# Help on replacing the belt



## Brento (Jul 2, 2021)

I found the flat belts in Mc Master but there was 3 kinds of leather belts that popped up. Which belt is suggested for a 9A. Also should i get the staples or the hammer style clips. Id like to use which ever clip is easiest to work with but without buying elaborate tools to staple one belt together. Thank you!


----------



## Aukai (Jul 2, 2021)

Do some people use the serpentine belts that are available also?


----------



## Brento (Jul 2, 2021)

Idk. I have zero experience on what to do. I just know my belt is dry and all cracked


----------



## Brento (Jul 2, 2021)

From what i can see there is 2 belts that may work best. It is the heavy duty and light duty extended life leather flat belts


----------



## brino (Jul 2, 2021)

On my Southbend 9" I re-use old automotive serpentine belts. When they start squealing or cracking on my truck they get replaced with new and the old ones become shop stock. I usually have 1-2 old belts ahead of what I need.

Initially I tried a long diagonal scarf joint (for increased surface area) and cyanoacrylate adhesive. But, as usual, I found that it works sooo much better on skin than on any project I need to repair.

Now I cut them off square and stitch the ends together. I will pre-drill the stitch holes on the drill press to make it easy. I usually use the tough cord that came with this kit:
https://www.leevalley.com/en-ca/sho...50700-speedy-stitcher-sewing-kit?item=97K1050
But any strong thin cord should work.

I first cut the belts as long as useful for the lathe, then even if/when the cords pulls thru the cut end of the belt, I can re-cut, drill and stitch and get another use, due to the adjustment available in the lathe pulleys.

 I run them flat side out, and stitch such that the "thread" is in the belt grooves and therefore protected from wear.

Also, I always release the tension on the belt when the lathe is not being used.

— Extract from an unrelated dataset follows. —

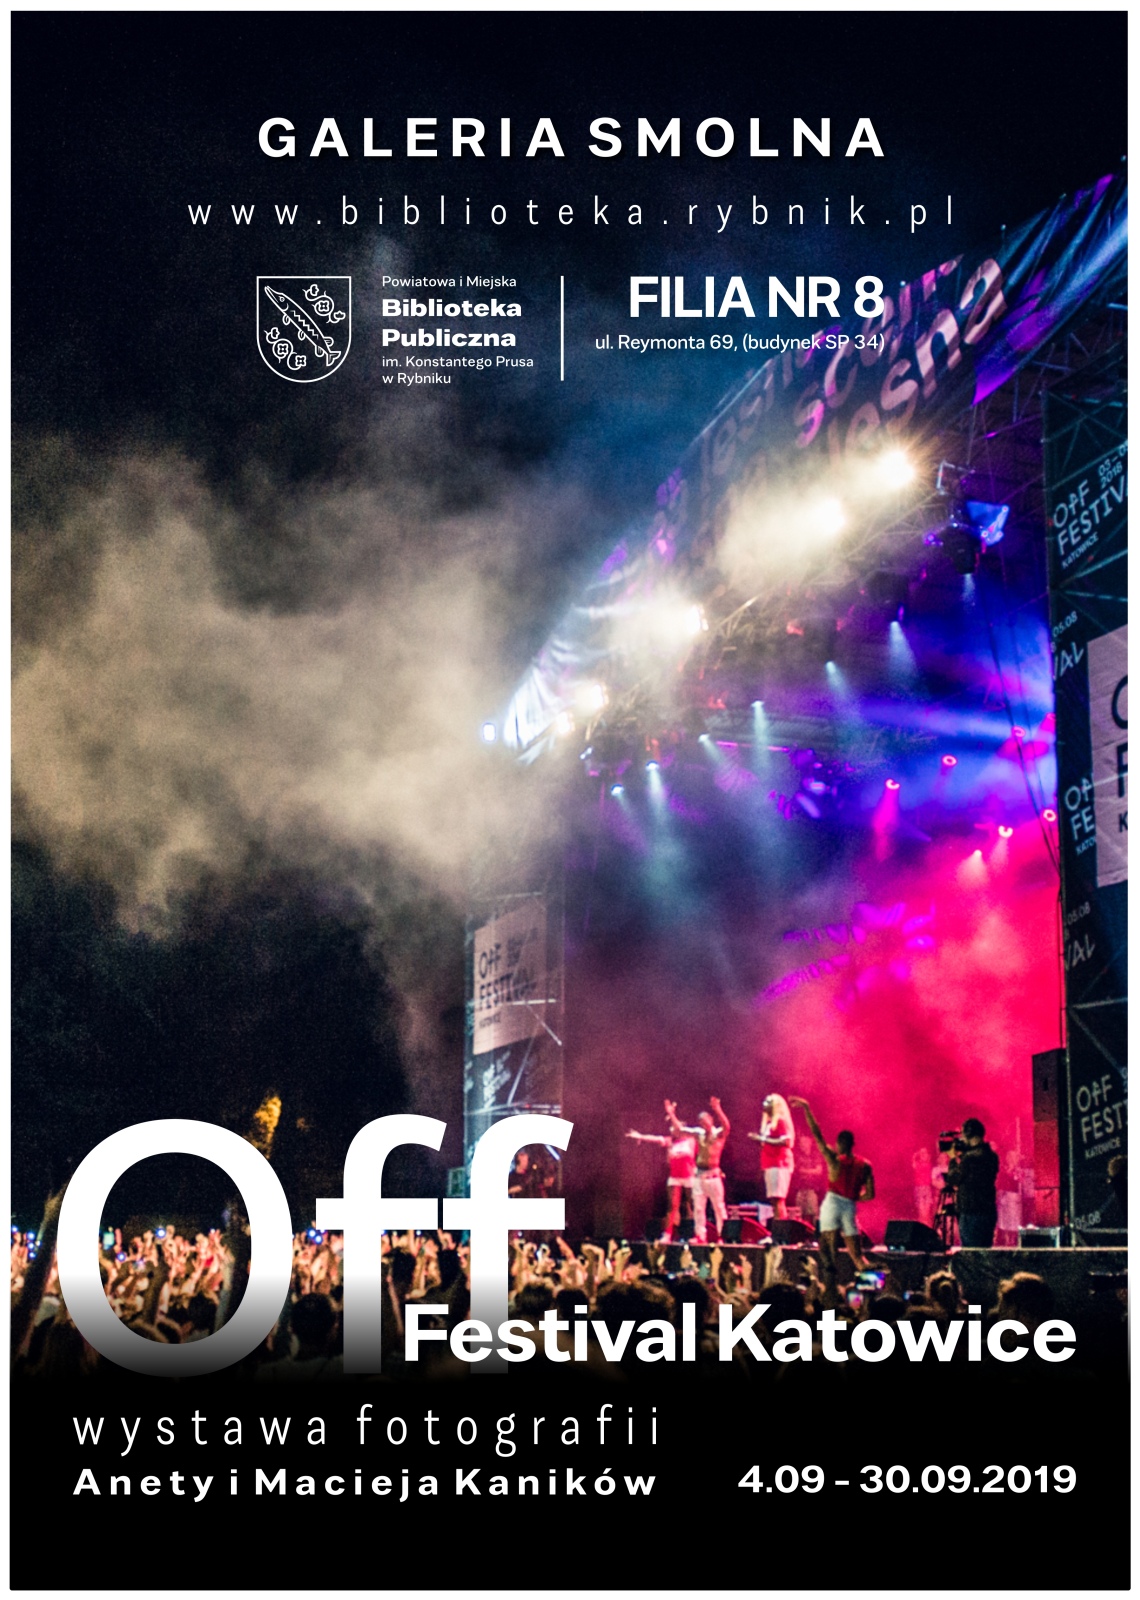 Off_Festival_Katowice_zmiana_terminu_koncowego.jpg

Pictures below. The belts edges look mis-aligned below, but it's only since the belt is loose. When tight it tracks well.

-brino


----------



## benmychree (Jul 2, 2021)

Hammer on belt lace (Alligator Lace) is to be avoided at all costs; it is big, clunky and crude, very noisy going over pulleys.  The old standard clip on lace, made by Clipper is the best, but requires a tool to apply it, these can be found on e bay and other sources, the clips come in many sizes, and the smallest require a differently sized tool than the larger ones.  Soft annealed brass wire can also be used to lace belts in the manner shown above by brino  Endless flat belts can also be used, but require disassembly of parts of the lathe, such as the spindle and countershaft.


----------



## Brento (Jul 2, 2021)

Thanks i may try the serpentine belt route and see how it goes. I get bunches from where i work as a mechanic


----------



## Eddyde (Jul 3, 2021)

I use the nylon cored leather belting from McMaster Carr. It doesn't stretch out like the solid leather does. Have a hammer-on alligator clip on one lathe (I don't mind the sound) and I laced up the other belt, similar to Brino's method.


----------



## Illinoyance (Jul 3, 2021)

I had a belt that was slit from conveyor belting.  It was joined with Clipper lacing.  No stretch.  The clipper lacings  eventually pulled out.  I couldn't find anyone locally had a clipper lacer so I bought a synthetic belt on eBay.  Since then I acquired a Clipper lacer.


----------



## Brento (Jul 3, 2021)

@Eddyde is it real loud? Similar to wat my lathe sounds like in the upper video?


----------



## Illinoyance (Jul 3, 2021)

I can barely hear the splice gong over the pulleys.


----------



## Eddyde (Jul 3, 2021)

Brento said:


> @Eddyde is it real loud? Similar to wat my lathe sounds like in the upper video?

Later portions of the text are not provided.